Вот и подумаешь — что хуже, а что лучше: индивидуализм, доведенный в некоторых странах до абсурда, изолированность людей друг от друга, когда они замыкаются в «мой дом — мою крепость», а потом сами же страдают от разобщенности и одиночества, или что-то иное?.. Мне начинает казаться, что то благо, которым когда-то для миллионов моих сограждан стала возможность переехать в отдельные квартиры (пусть уныло-однообразные, пусть небольшие, с низкими потолками и комнатами-клетушками, пусть далеко от центра), оборачивается теперь и другой своей стороной. Наверное, неспроста у нас сейчас все чаще бьют тревогу по поводу недостатка в обществе терпимости, понимания, доброты, милосердия, уменьшения числа добрых, отзывчивых людей, особенно среди молодого поколения (я имею в виду добрых по изначальному отношению к миру, к природе, к людям вообще), что многие из них выросли в неспособствующих полноценному формированию души и сердца изолированных бетонных жилищах, которые ну никак нельзя назвать «очагами» — так, место уединения от других. Между такими домами нет даже настоящих дворов (одни проходы или внутриквартальные проезды), а потому дети не могли, играя и вырастая, постигать законы «дворового братства». Вот люди и превратились невольно в этаких социальных эгоцентриков и, выйдя в большую жизнь, агрессивно воспринимают всех непохожих на себя, а особенно тех, кто в чем-то лучше их. Лишнее подтверждение того, что палочка всегда о двух концах. Я никоим образом не абсолютизирую свою мысль, но часто задумываюсь над этим. И еще неизвестно, насколько благотворны для социально-психического здоровья человека эти столь вожделенные когда-то для нас отдельные квартиры…
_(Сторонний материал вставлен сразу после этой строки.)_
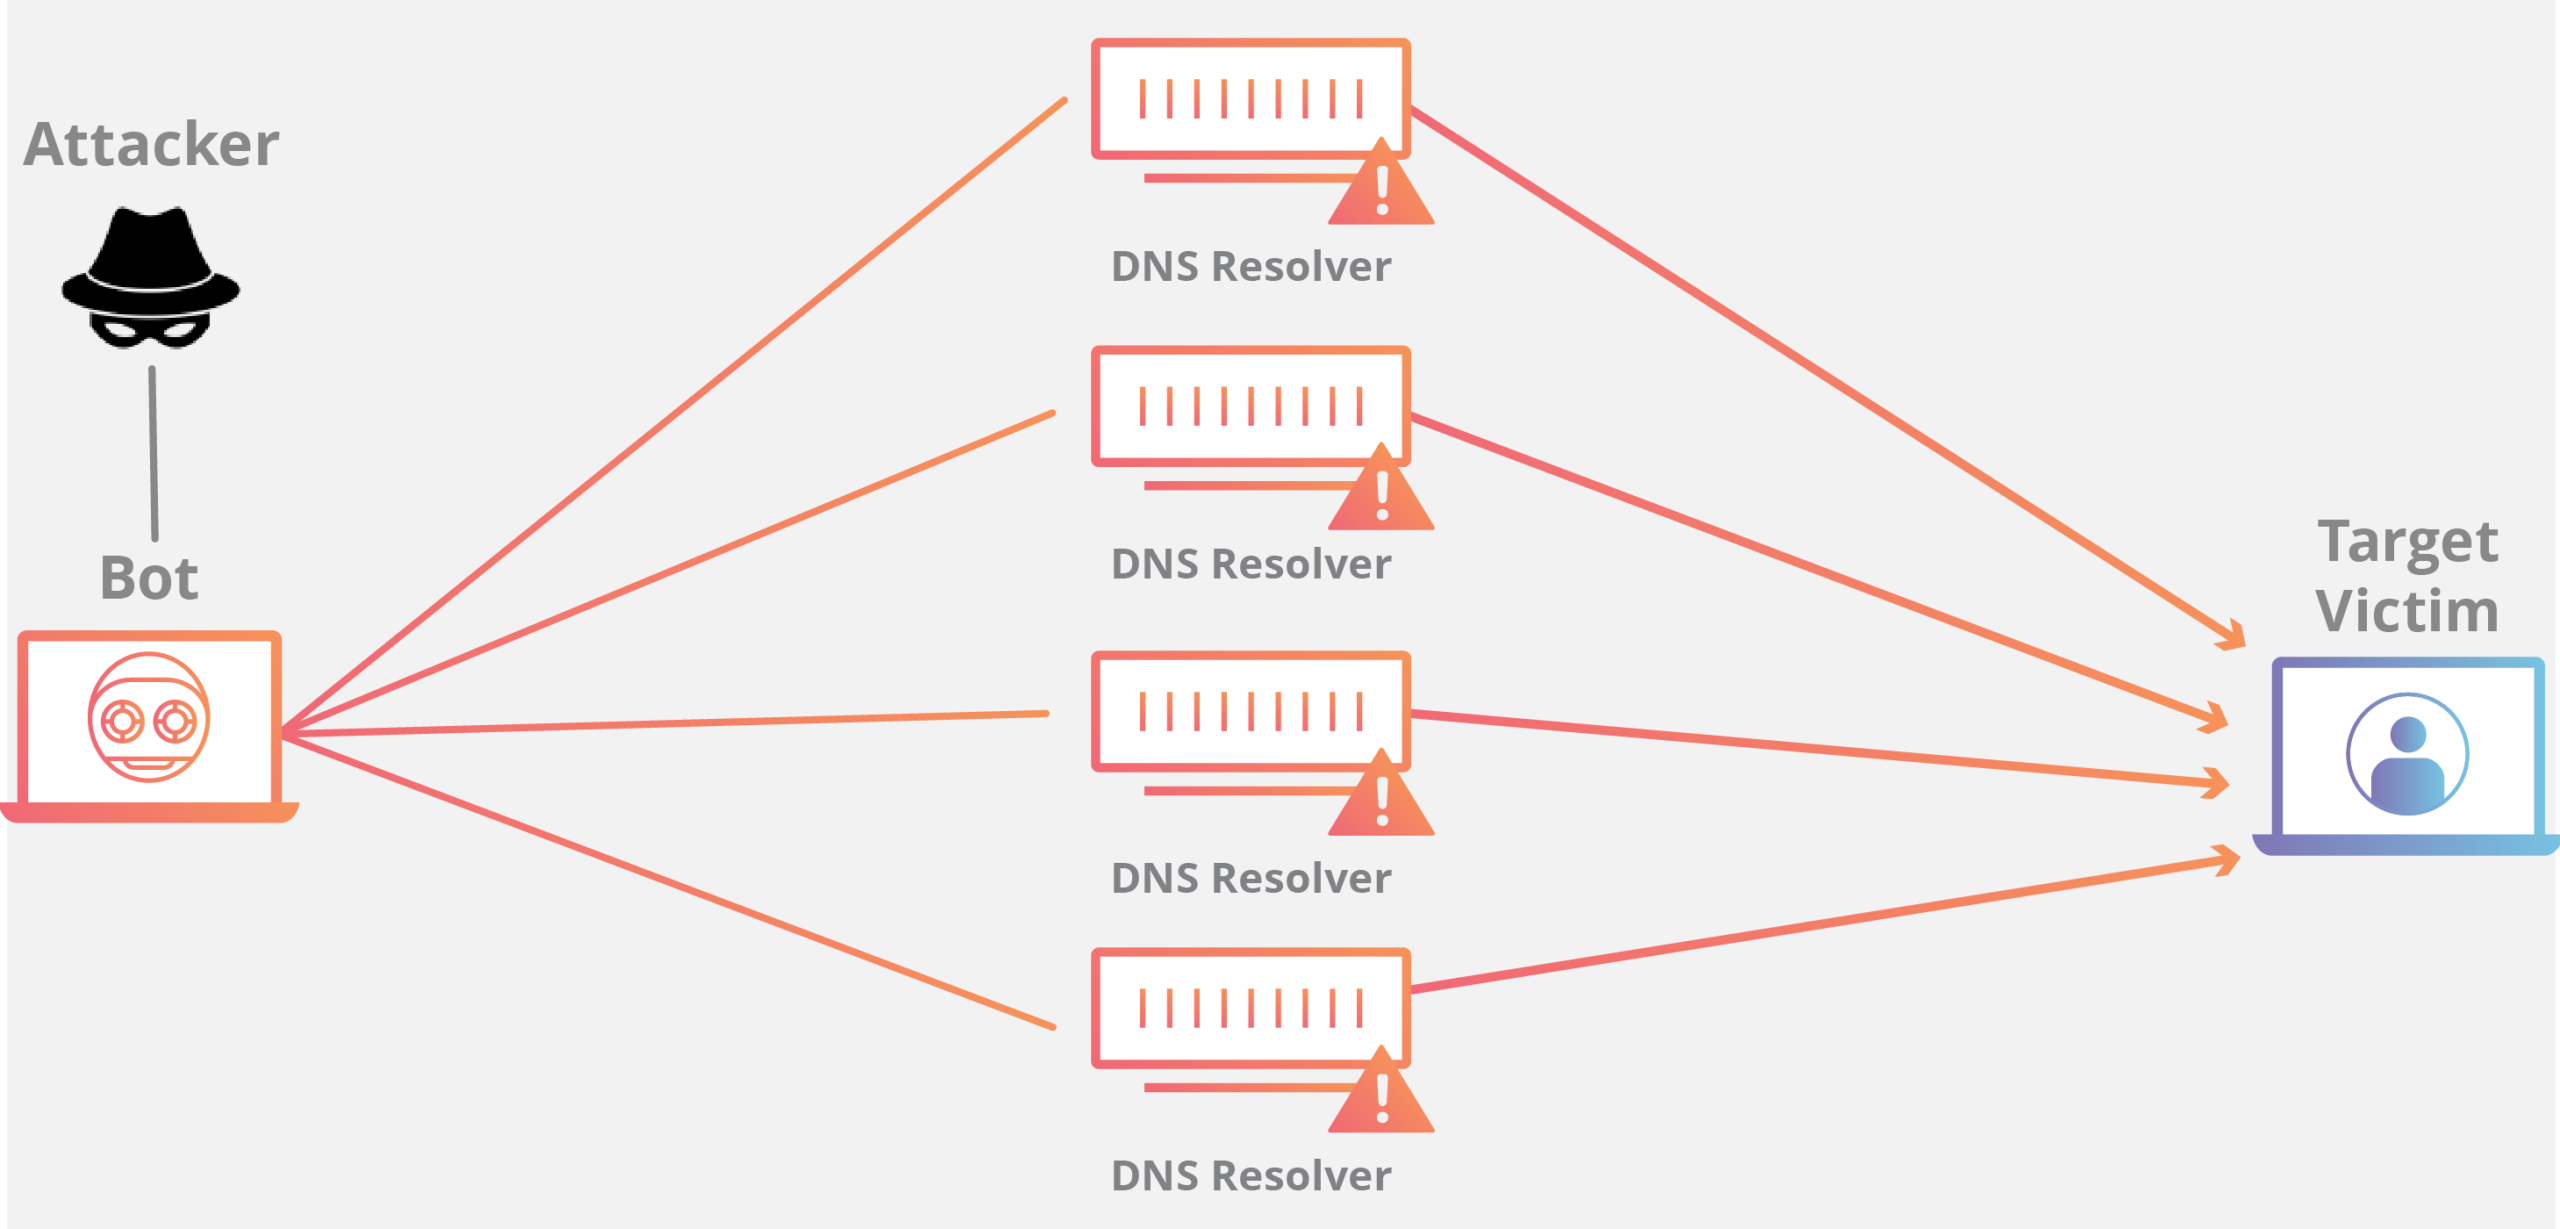 ntp-amplification-botnet-ddos-attack

Однако возвращаюсь к своим детским впечатлениям — сначала к зрительным. Наша улица была тогда еще не заасфальтирована, а замощена, ее тротуары покрывали большие каменные плиты. Мне очень нравилось смотреть, как в щелях между ними пробивалась травка. Но особенно я любила рассматривать плиты весной: снег на них таял неровно, и в сочетании снега и проталин, в которых проглядывала прошлогодняя трава и листья, мне представлялись самые невероятные картины — целые сюжеты, которые рисовала моя разыгравшаяся детская фантазия. Так мое образное восприятие мира начинало формироваться под влиянием того, что предлагала природа, пусть и городская. Хотя надо сказать, что природа тогдашней Москвы была намного разнообразней, чем сейчас: город был не таким огромным, был более зеленым, более уютным, более человечным, что ли, — он не подавлял.
Помню, как папа водил нас весной смотреть ледоход на Москве-реке. Мне было очень интересно наблюдать, как плыли льдины, и моя фантазия снова разыгрывалась — куда они плывут? В какие края? Сейчас этого — увы! — москвичи уже не могут видеть — на Москве-реке не бывает настоящего ледохода: в черте города она почти не замерзает. Да и как могут замерзнуть эти мутные стоки, которые уже и водой-то назвать нельзя. Жаль, что современные городские дети лишены полноценных впечатлений от чудес природы, которые подспудно воспитывают душу, формируют и развивают чувство красоты и любви к окружающему миру.
А еще в раннем детстве мы ходили в расположенный неподалеку от нашего дома Александровский сад, где катались на санках, лихо спускаясь с крутых склонов прямо от кремлевской стены. Тогда, в начале 30-х годов, такое еще можно было делать: наверное, еще не было тех чрезвычайных мер охраны подступов к Кремлю, как стало вскоре после этого, в страшные последующие годы. Как хорошо, что сейчас детишки опять могут лазить по крутым склонам кремлевского холма, забираться под самые стены и скатываться вниз.
Как и все дети, я любила зимой лепить из снега различные фигуры. Иногда сооружала целые снежные городки — мне очень хотелось вылепить что-то похожее на те здания, которые запомнились во время наших прогулок по Москве. Мама рассказывала, что особенно мне нравилось здание Большого театра (да и как оно могло не понравиться!), куда родители впервые отвели меня в пятилетнем возрасте на балет «Щелкунчик». Конечно, впечатления и от спектакля, и от самого театра запали в детскую душу, и я еще долго в своих играх представляла себя принцессой Машей.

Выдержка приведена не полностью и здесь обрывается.